> Activity: Copy the listing below exactly. Pictures stay out of it.

> Given data:
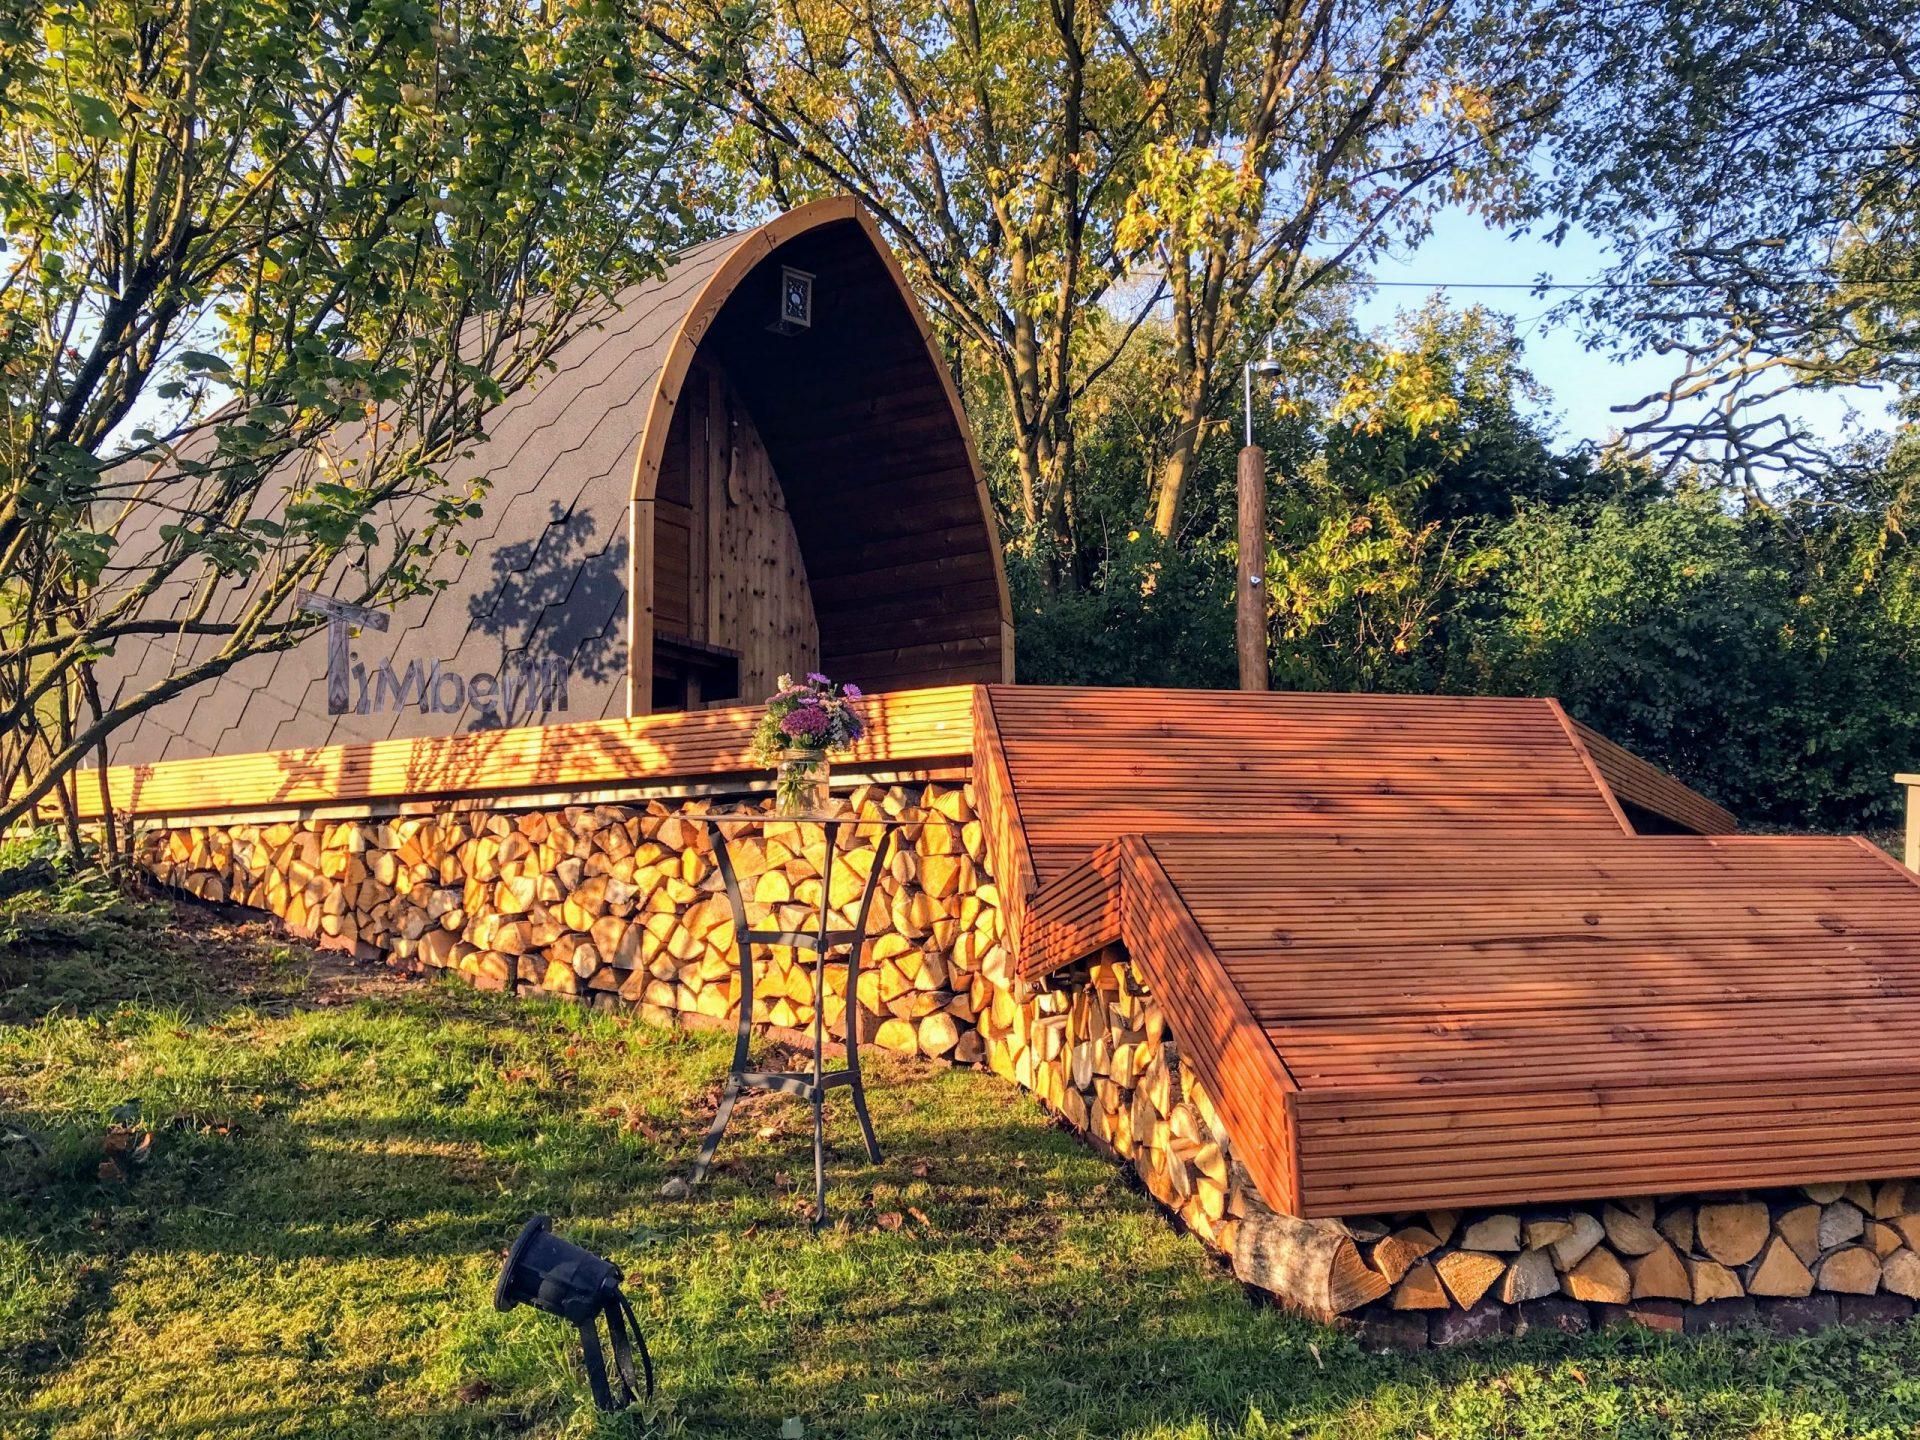 Aussensauna Gartensauna Iglu Pod mit Holzofen Elektrisch 6 scaled
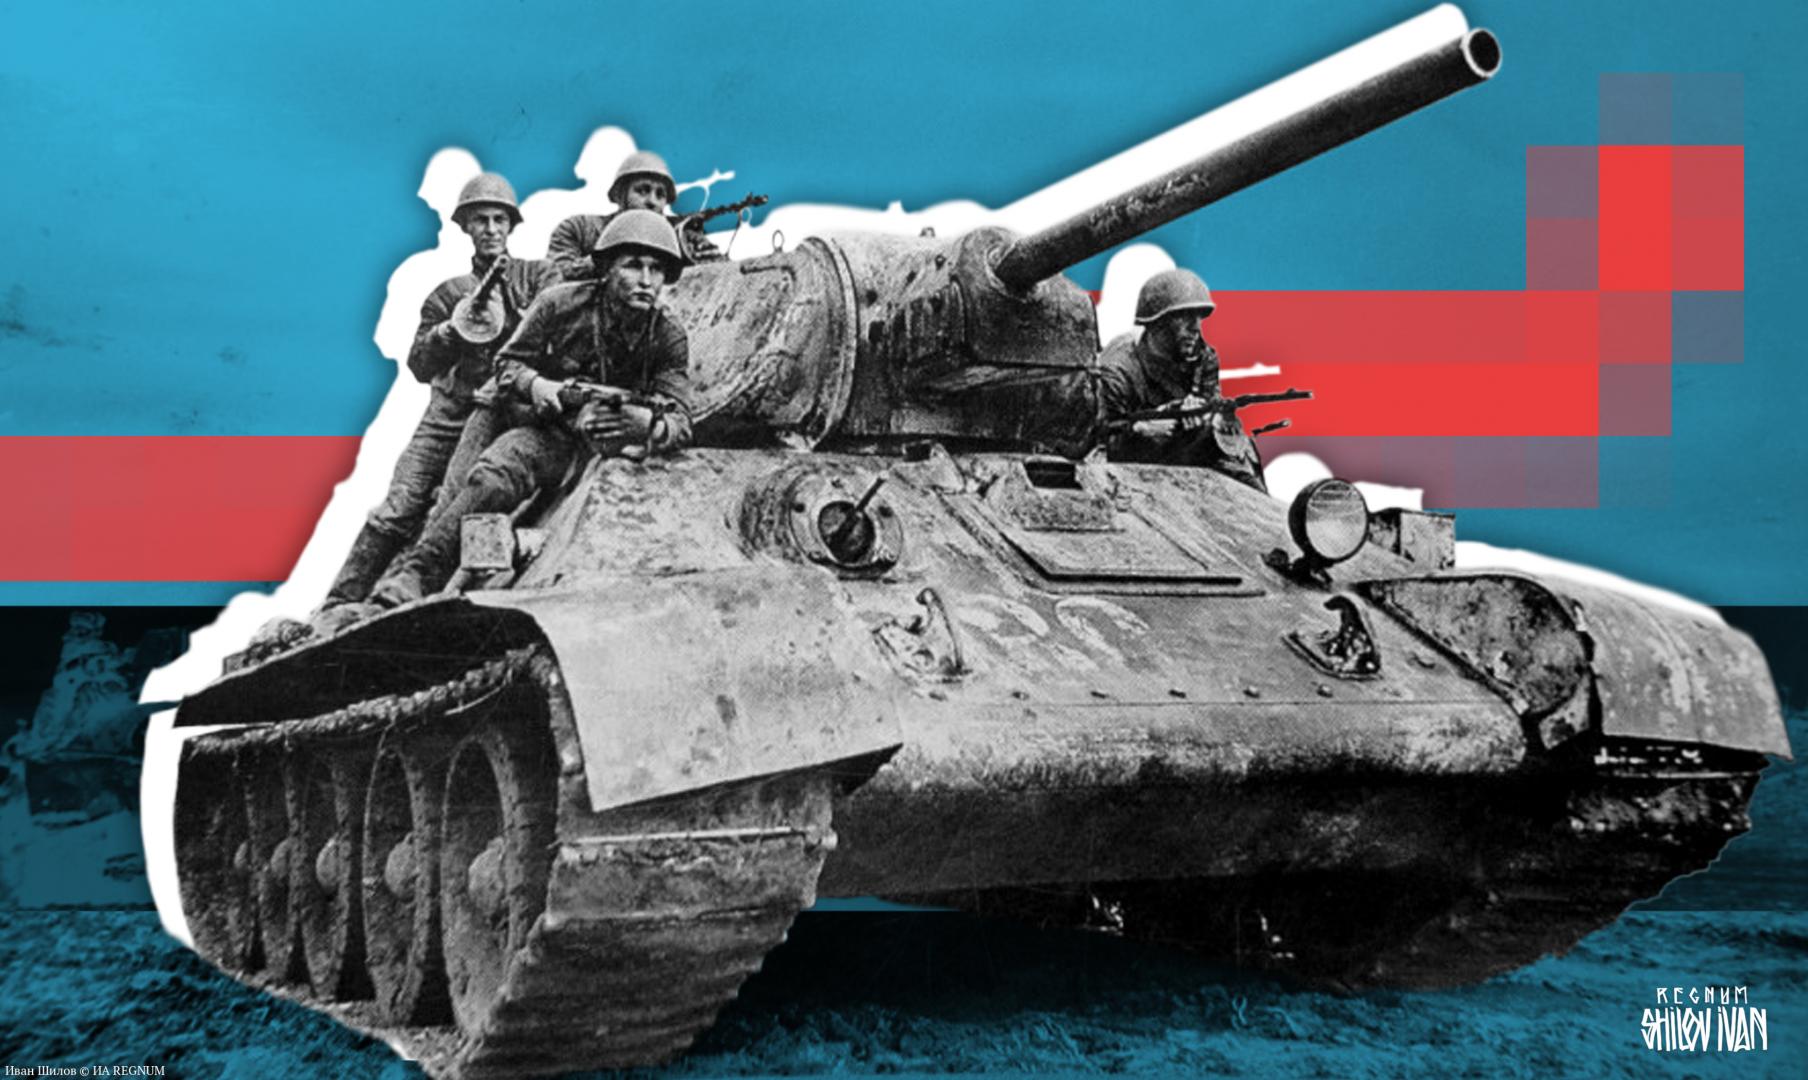 Война: Тамбовская область 1941 — 1945 гг. Радио REGNUM
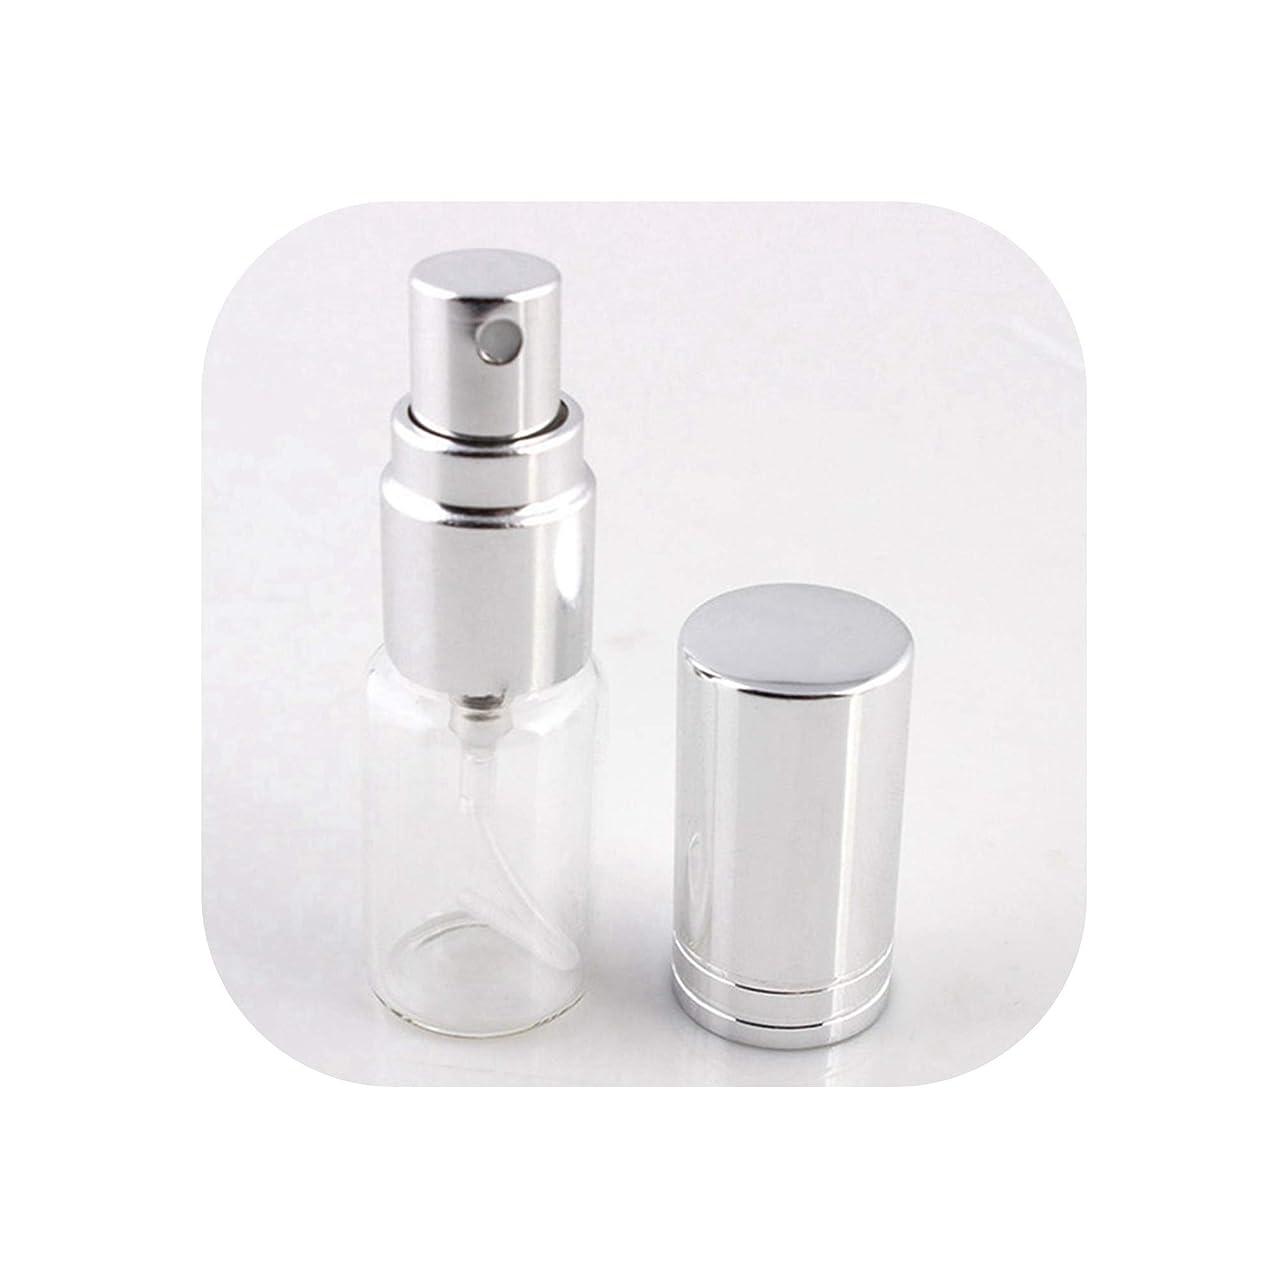 ゼロソブリケット混乱アトマイザーの1pcs 5ミリリットル/ 10MLポータブルカラフルなガラスの詰め替え香水瓶は、SV1-S、旅行のための化粧品容器で噴霧器を空にする

> Task answer:
 Aussensauna Gartensauna Iglu Pod mit Holzofen Elektrisch 6 scaled
 Война: Тамбовская область 1941 — 1945 гг. Радио REGNUM
 ゼロソブリケット混乱アトマイザーの1pcs 5ミリリットル/ 10MLポータブルカラフルなガラスの詰め替え香水瓶は、SV1-S、旅行のための化粧品容器で噴霧器を空にする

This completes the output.